Une comédie représentée à l'Odéon eut, vers cette époque, un succès de circonstance. Cette pièce avait pour titre la Famille Glinet; on y déversait le ridicule sur les hommes d'autrefois, qui voulaient seuls entou

:

rer la royauté et rester les hommes du temps présent. On accusa même Louis XVIII d'être un des auteurs de la Famille Glinet.

Dès la rentrée de la famille royale, dans les hautes régions du pouvoir comme au sein des populations, et malgré ces transports d'allégresse, malgré ces bruyantes manifestations, surgissaient déjà des dissentiments, des antagonismes, des résistances: tout était difficulté, les personnes et les choses; les uns voulaient marcher en avant, les autres voulaient marcher en arrière; à propos de toutes les questions, l'ancien régime et la monarchie constitutionnelle, imposée par la charte du sénat, se trouvaient en présence, et c'était à qui ne céderait pas.

On laissa sans conteste, et avec bonne grâce, la famille royale rétablir autour d'elle l'ancienne étiquette, s'entourer d'un grand maître de la garde-robe, de premiers gentilshommes de la chambre, d'un premier maître d'hôtel, créer une garde royale, créer des gardes du corps du roi, des gardes du corps de Monsieur, des gardes de la porte, des Cent-Suisses, une maison rouge, des mousquetaires. On laissa la famille royale rappeler en France des régiments suisses. Mais les grands meneurs de la politique se réservaient la liberté de la presse, la liberté de la tribune, le suffrage direct pour les élections. Ils laissaient à la royauté toutes les magnificences de la cour, tous les vains prestiges de l'étiquette la plus pompeuse, tous les plumets de la situation; mais ils gardaient pour eux toutes les forces vives du pouvoir et l'initiative des lois. On voulait bien que Louis XVIII eût

le plaisir et la joie de régner; mais dès ce temps-là on avait la haute ambition de gouverner.

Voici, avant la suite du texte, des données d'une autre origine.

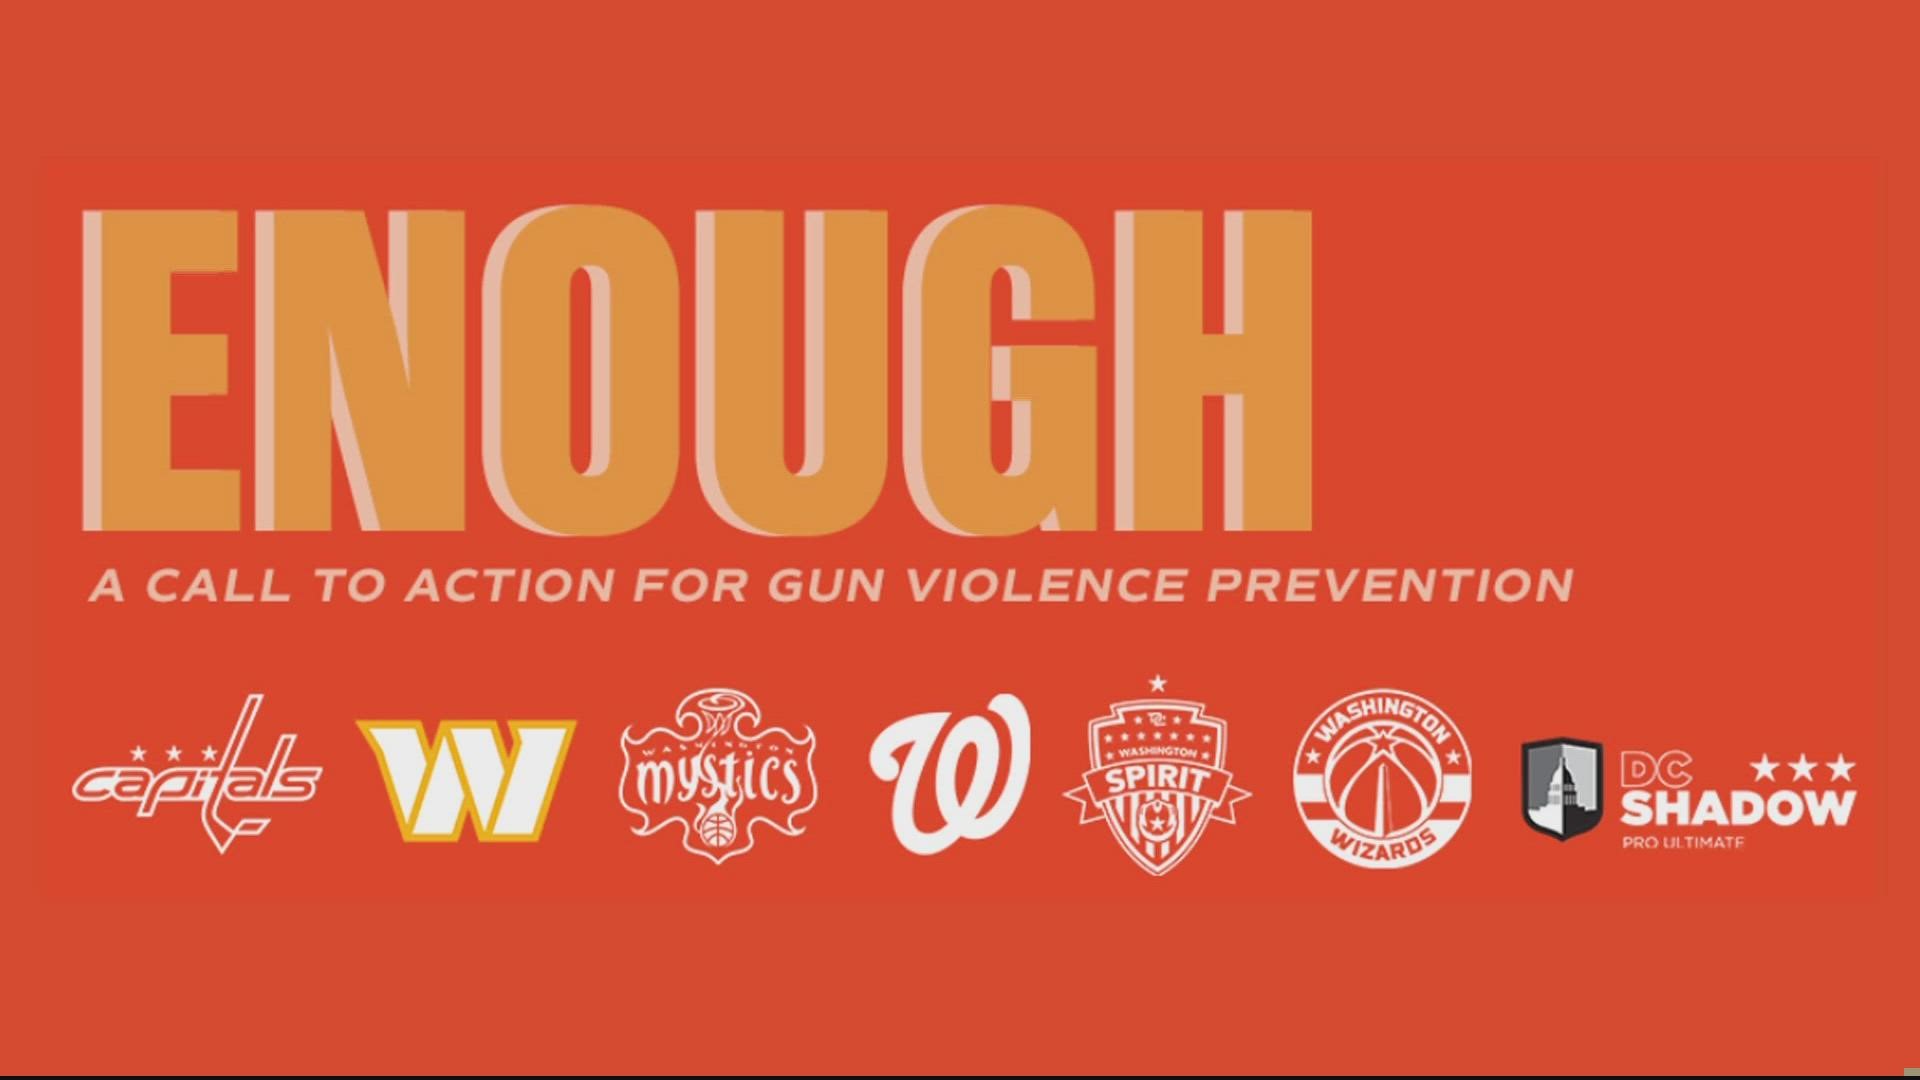 DC athletic teams are coming together to stand again gun violence. Some teams will be donating earnings from select sales and events to relieve gun violence.

Dès les premiers jours de la restauration, la vraie situation était celle-ci : les Bourbons au fond du cœur se défiaient de la France, la France se défiait des Bourbons. Il faut ajouter qu'un parti vaincu mais non résigné, dépouillé mais toujours fidèle, soupçonné, surveillé, mais toujours entreprenant, le parti bonapartiste, inquiétait incessamment la famille royale, et donnait au parti de la cour, au parti de l'émigration et du pavillon Marsan des prétextes et des occasions de persécutions et de rigueurs.

Pour désunir, pour lasser et pour disséminer le parti bonapartiste, pour s'emparer de la confiance du pays, pour tempérer ce parti si ardent de l'émigration, pour éteindre tous les souvenirs menaçants, ceux de la révolution et ceux de la gloire, il fallait du temps, une politique ferme, mais libérale et modérée, et de continuels ménagements; on ne refait point en un jour les croyances, les idées, la philosophie et les mœurs d'un siècle et d'une nation. C'est ce que finit par comprendre le roi Louis XVIII; aussi fut-il le seul roi de France qui, depuis le mouvement des idées nouvelles, mourut sur le trône.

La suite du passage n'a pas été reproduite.